WHAT TO WORK ON =>
With the pictures removed, the data below must be transcribed in full and exactly.

SUPPLIED INFORMATION =>
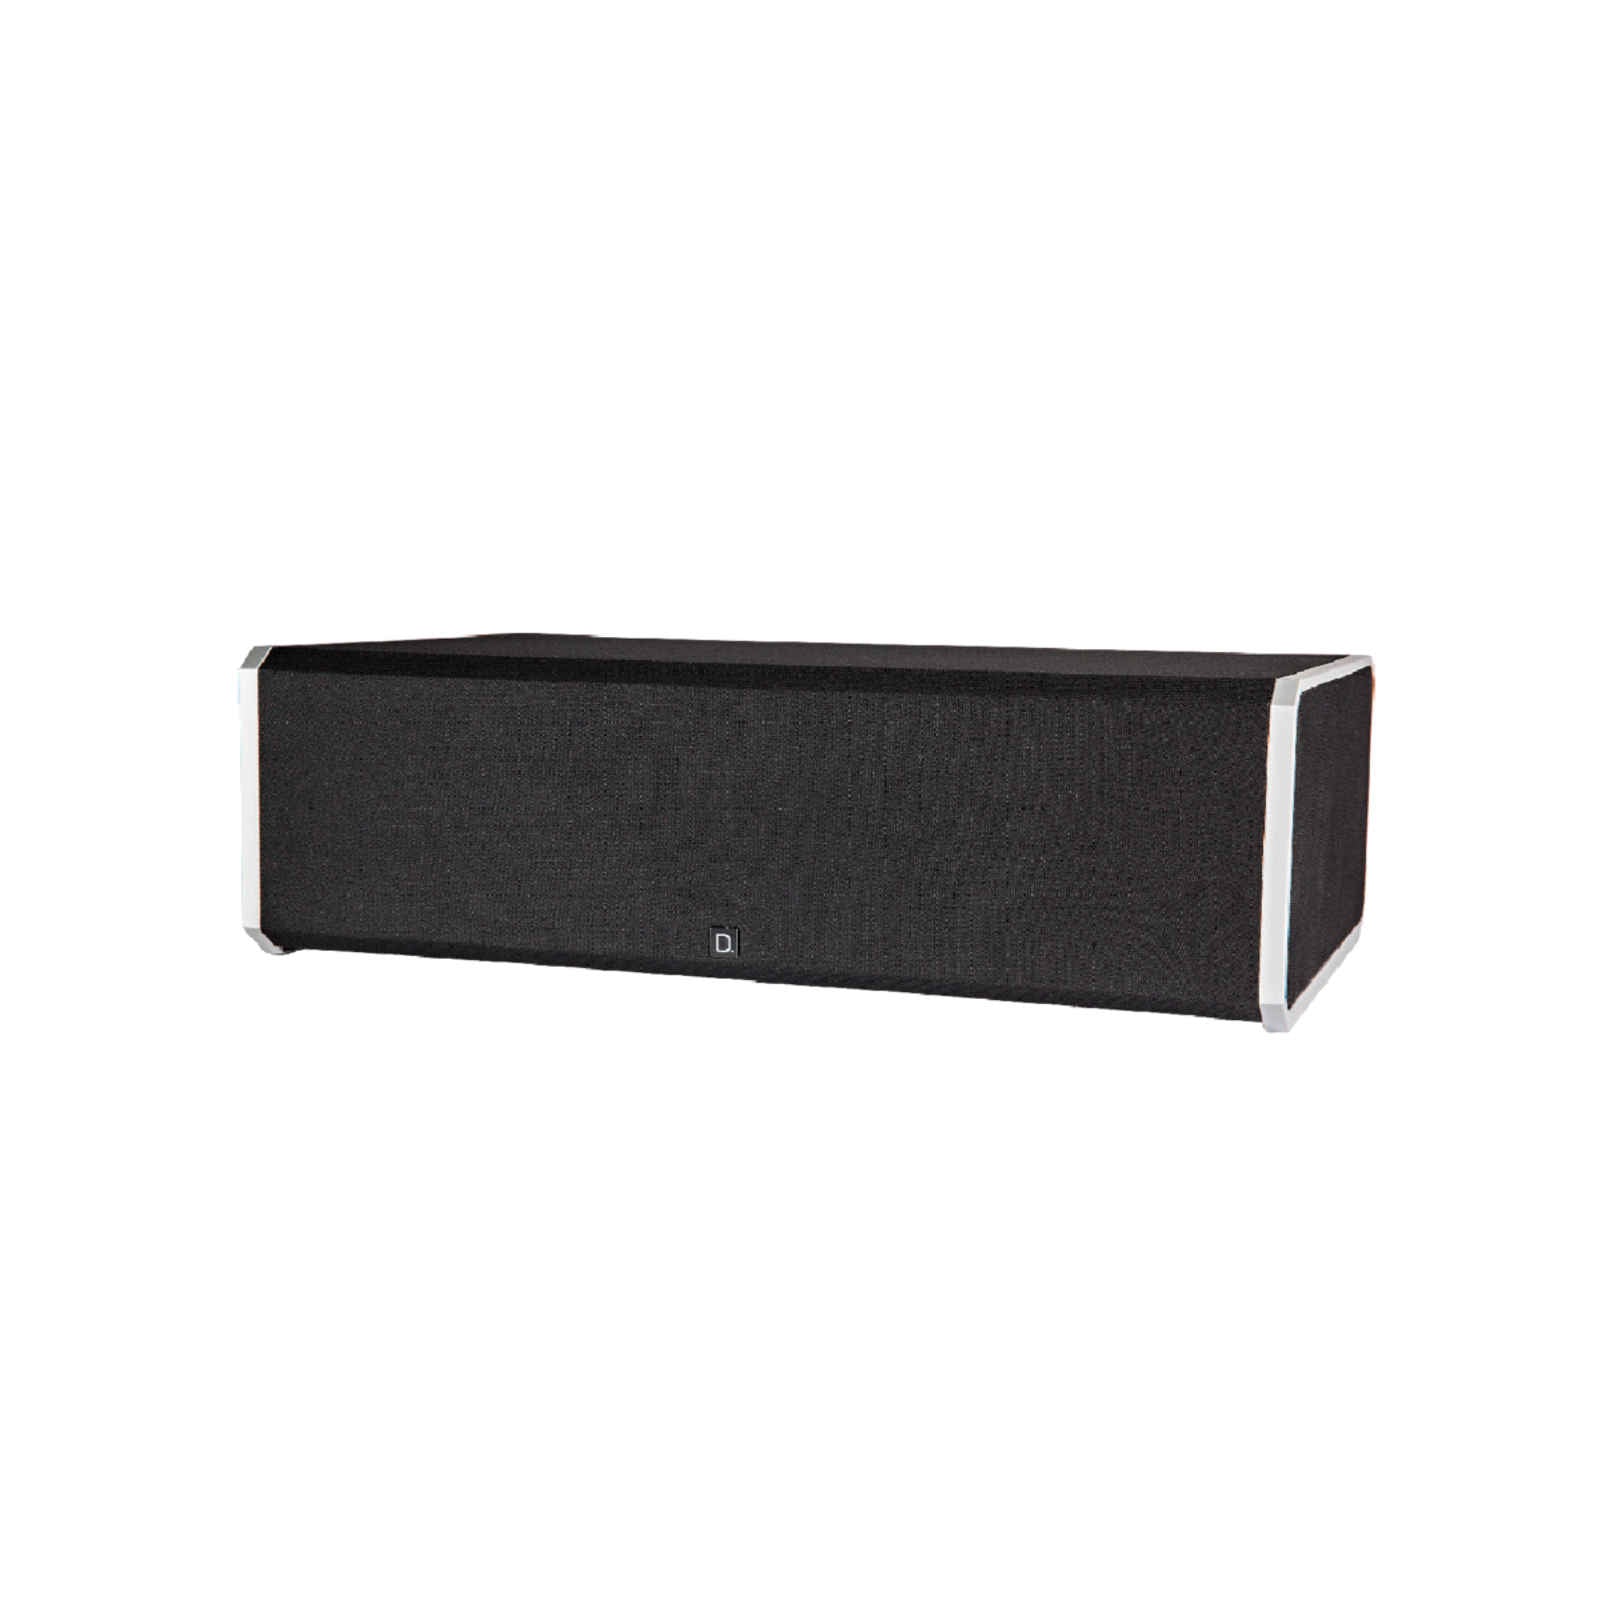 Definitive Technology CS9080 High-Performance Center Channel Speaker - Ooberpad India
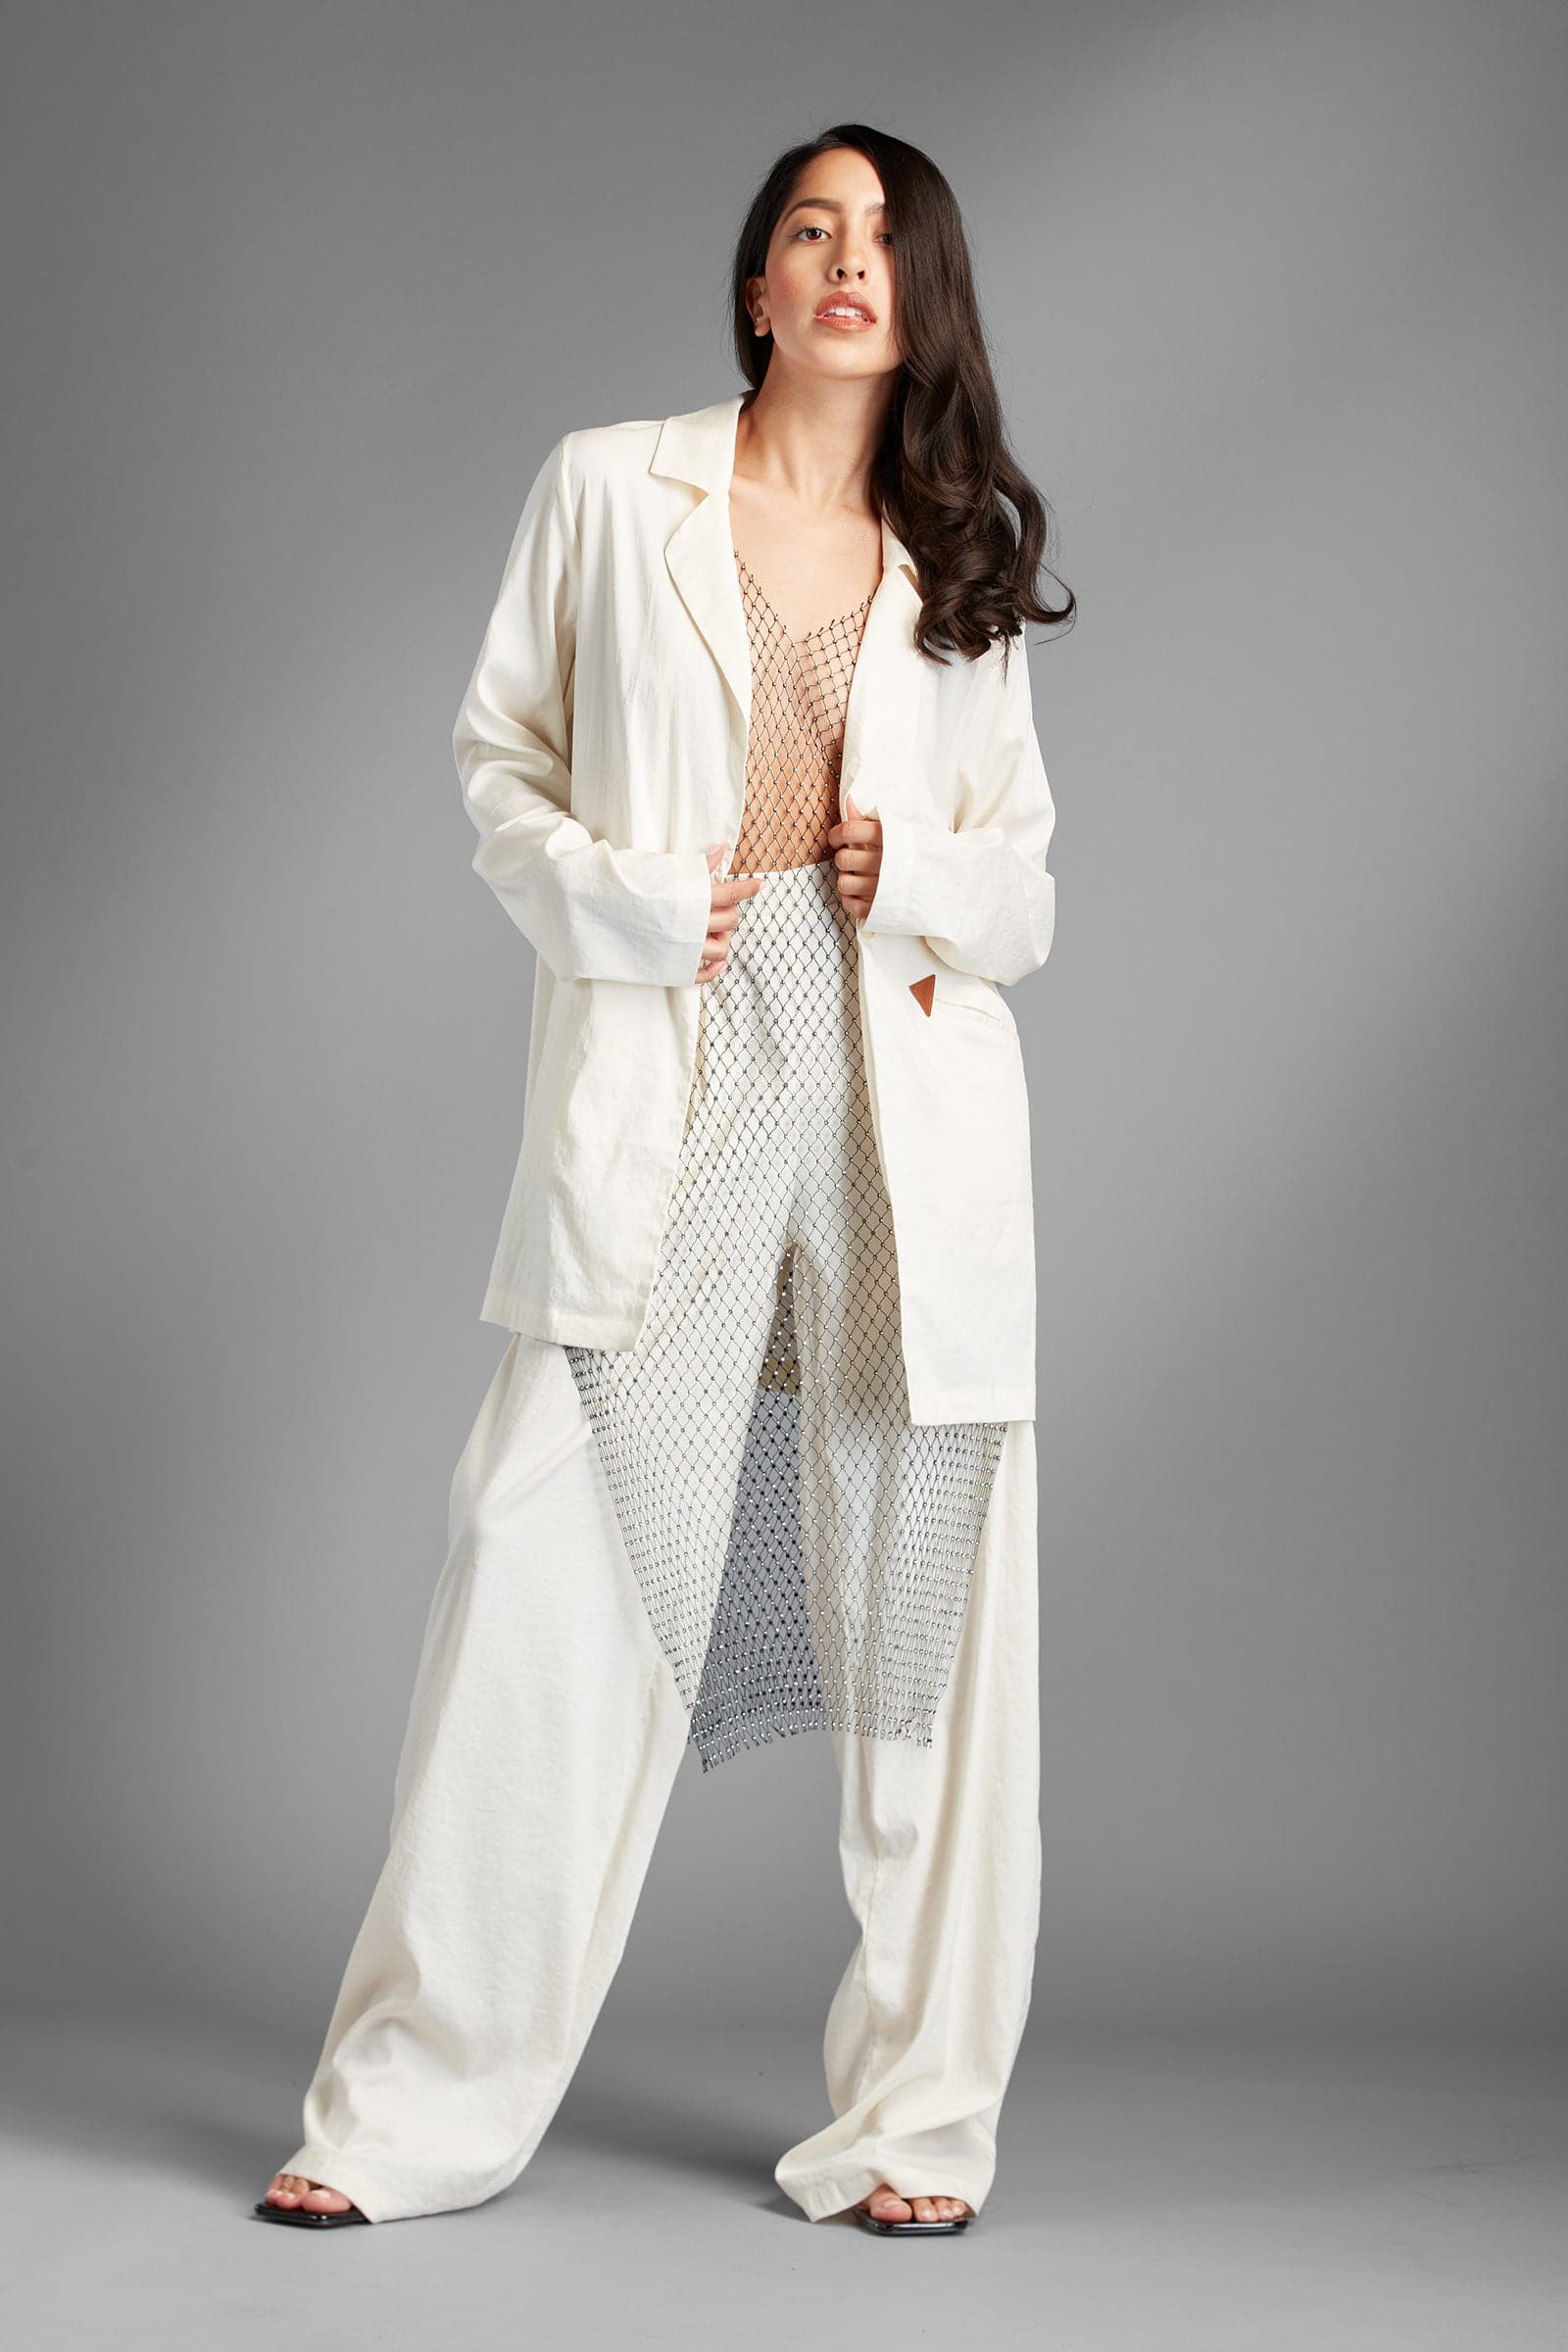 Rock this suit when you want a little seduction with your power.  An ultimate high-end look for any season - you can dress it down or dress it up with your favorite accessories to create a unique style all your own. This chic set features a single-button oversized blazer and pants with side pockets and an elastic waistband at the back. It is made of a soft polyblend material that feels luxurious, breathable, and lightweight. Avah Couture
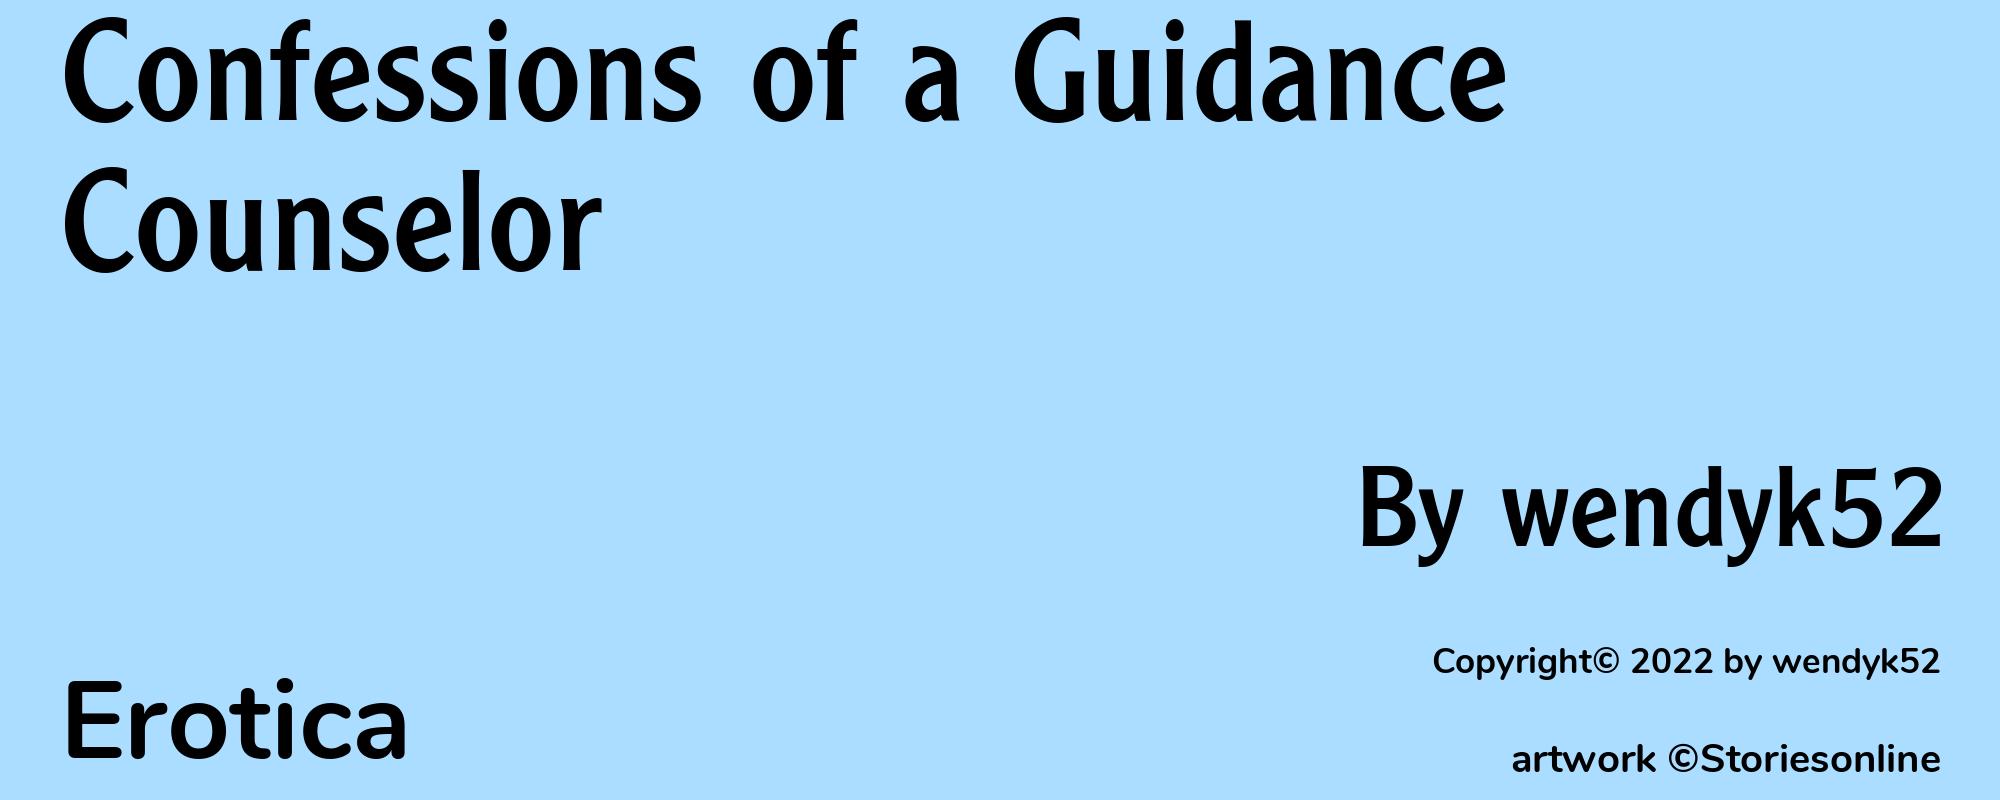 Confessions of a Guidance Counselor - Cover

SOLUTION TO THIS EXERCISE =>
 Definitive Technology CS9080 High-Performance Center Channel Speaker - Ooberpad India
 Rock this suit when you want a little seduction with your power.  An ultimate high-end look for any season - you can dress it down or dress it up with your favorite accessories to create a unique style all your own. This chic set features a single-button oversized blazer and pants with side pockets and an elastic waistband at the back. It is made of a soft polyblend material that feels luxurious, breathable, and lightweight. Avah Couture
 Confessions of a Guidance Counselor - Cover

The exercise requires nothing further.